また、実は監査法人はコンプライアンス意識が過度なところがありまして、これは大切な考え方ではあるんですけれども、証拠を残すための作業に時間が掛かり過ぎるという側面があります。自分たちがやっている監査証拠を集積させて、全体をもって意見表明をするのですが、業務のほとんどの時間が資料作りに割かれてしまい、例えば上場する会社が虚偽の表示をしたり、間違えたりしていないだろうかという、会計監査として本質的な部分を見抜くための時間が割けないという問題があったりもしますね。

監査業務は人手ではなく人材を増やす必要があるのですが、実は公認会計士の合格者数を増やした時期がありました。内部統制への監査に伴ってかなりの数が必要になるということで、金融庁を含めて行った施策でしたが、これがかなり質の低下を招いたと上の世代の方々は仰っています。諸先輩方からこうした声が聞こえてくるということで、私自身はどうこう申し上げるつもりはありませんが、弁護士の司法制度改革と少し状況が似ているのかもしれませんね。」

Q.なぜ、監査法人は監査業務だけでは支援不足なのか?

「会計監査には、最終的に会社様が出す数値が適正か否かに関する意見表明という枠組みがあります。この枠組みはかなり抽象的な概念で、適正意見の概念自体を大きく解釈し業務量を減らしたり、小さく解釈することで業務量を増やすこともできるのですが、どこまで会社様に意見を言って良いものか、経営判断にズバッと切り込むくらいのことを言っても良いのかという判断が、なかなか難しかったりするんですね。

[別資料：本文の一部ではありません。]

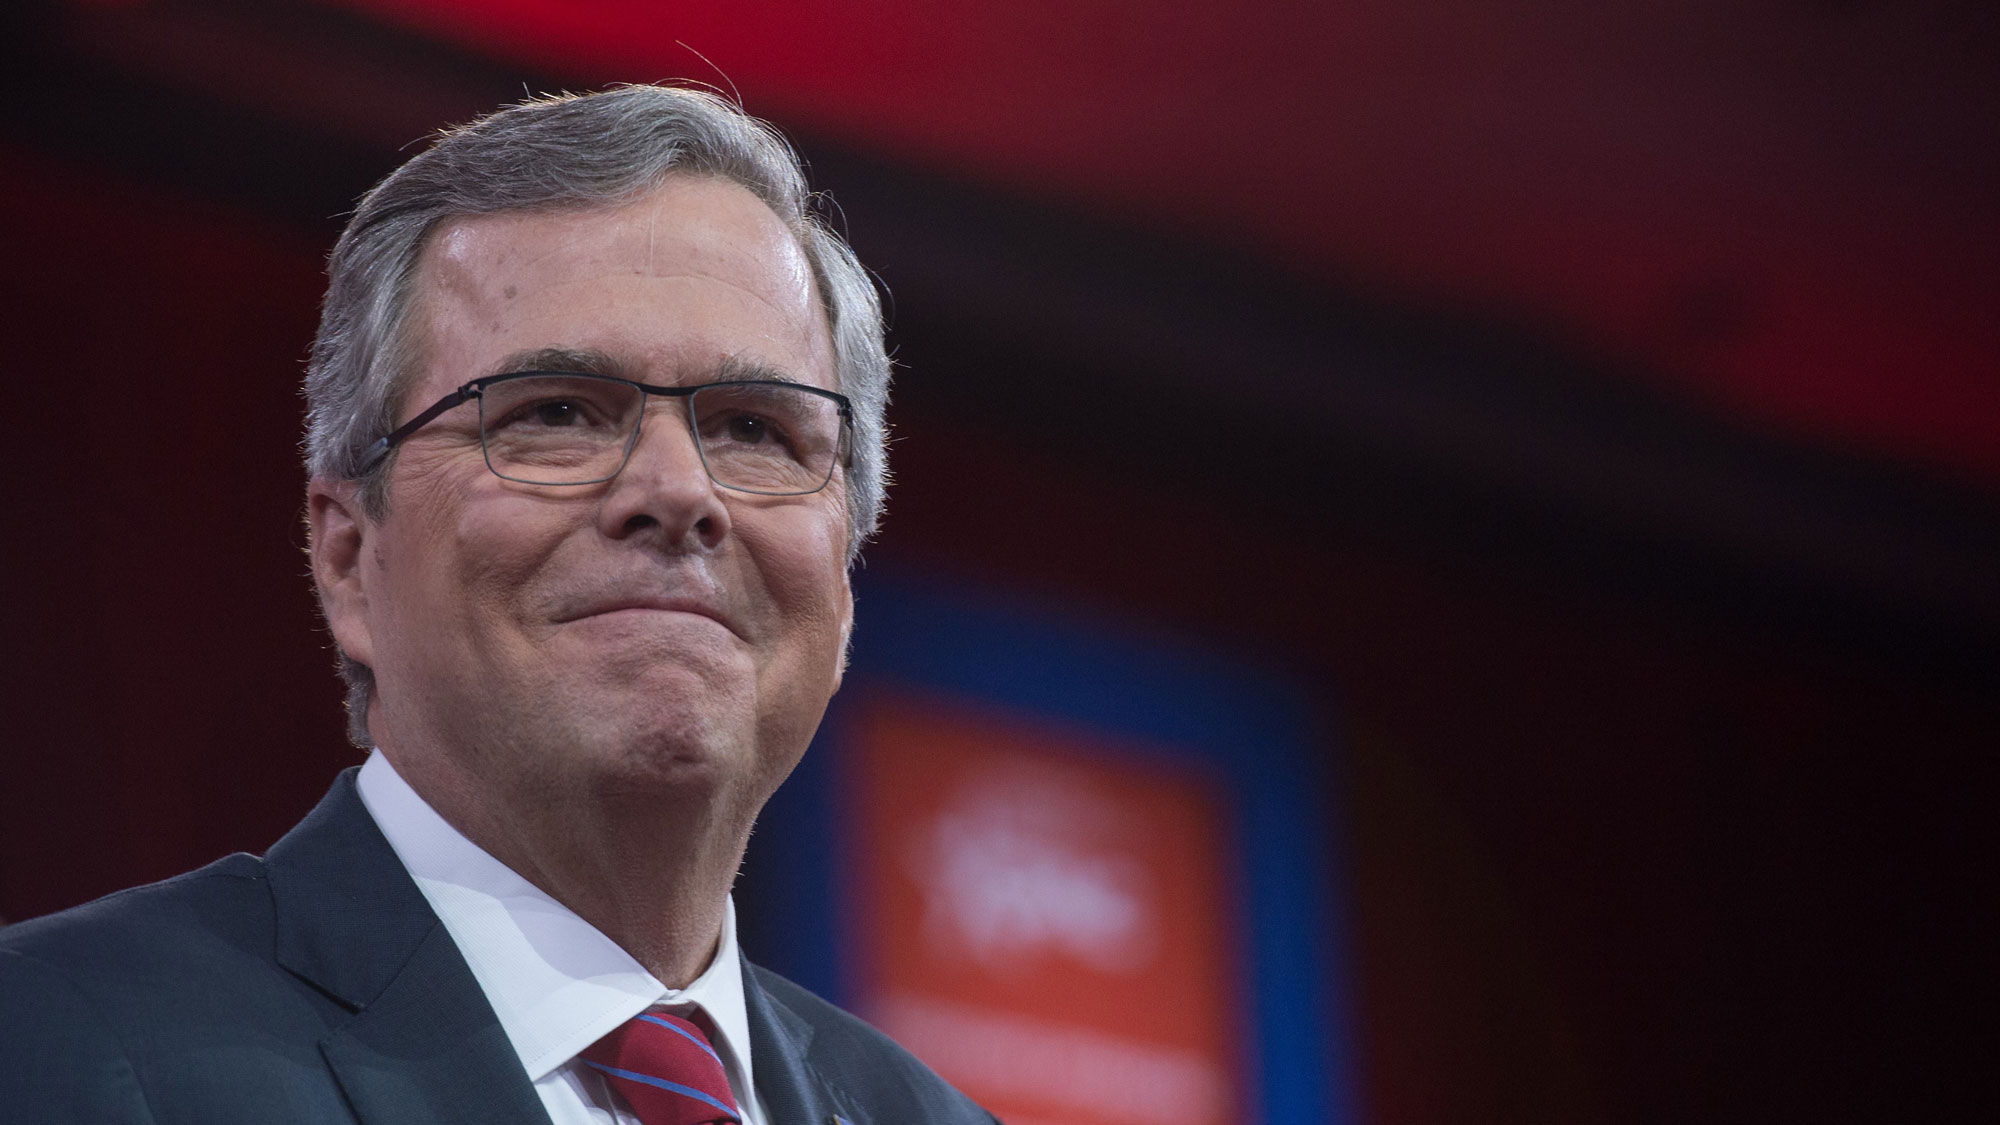 Former Florida Governor Jeb Bush speaks on stage with conservative political commentator Sean Hannity at the annual Conservative Political Action Conference (CPAC) at National Harbor, Maryland, outside Washington, on February 27, 2015.

会計監査は第三者としての意見表明だと言いながらも、監査法人と契約しているのはその意見を出してもらう会社様ですから、会社様の顔色も気になるわけです。

もし契約を切られてしまったら、何千万円、何億円が一気に飛んでしまうという世界ですから、そこへの配慮もしつつ言えないことも沢山あるなというのは、前職の頃に感じていました。また、そもそも会計監査というものは第三者としての意見表明なので、会社の内部から本質的に色々なものを組み立てるお手伝いができないということがあります。そこに私は少しもどかしさを感じてもいましたね。

ただ、田舎である熊本の会計事務所に戻ってからは、組み立てから会社様と一緒に行うことができるようになって、やはりそうした表現も大切だなと。つまり第三者としてずっと言い続けてもできなかったことが、内部からのサポートによって、改善を含めて会社様を上場まで持っていくことが実現できた、こういう世界観も両方で走らせるべきだなと思ったんです。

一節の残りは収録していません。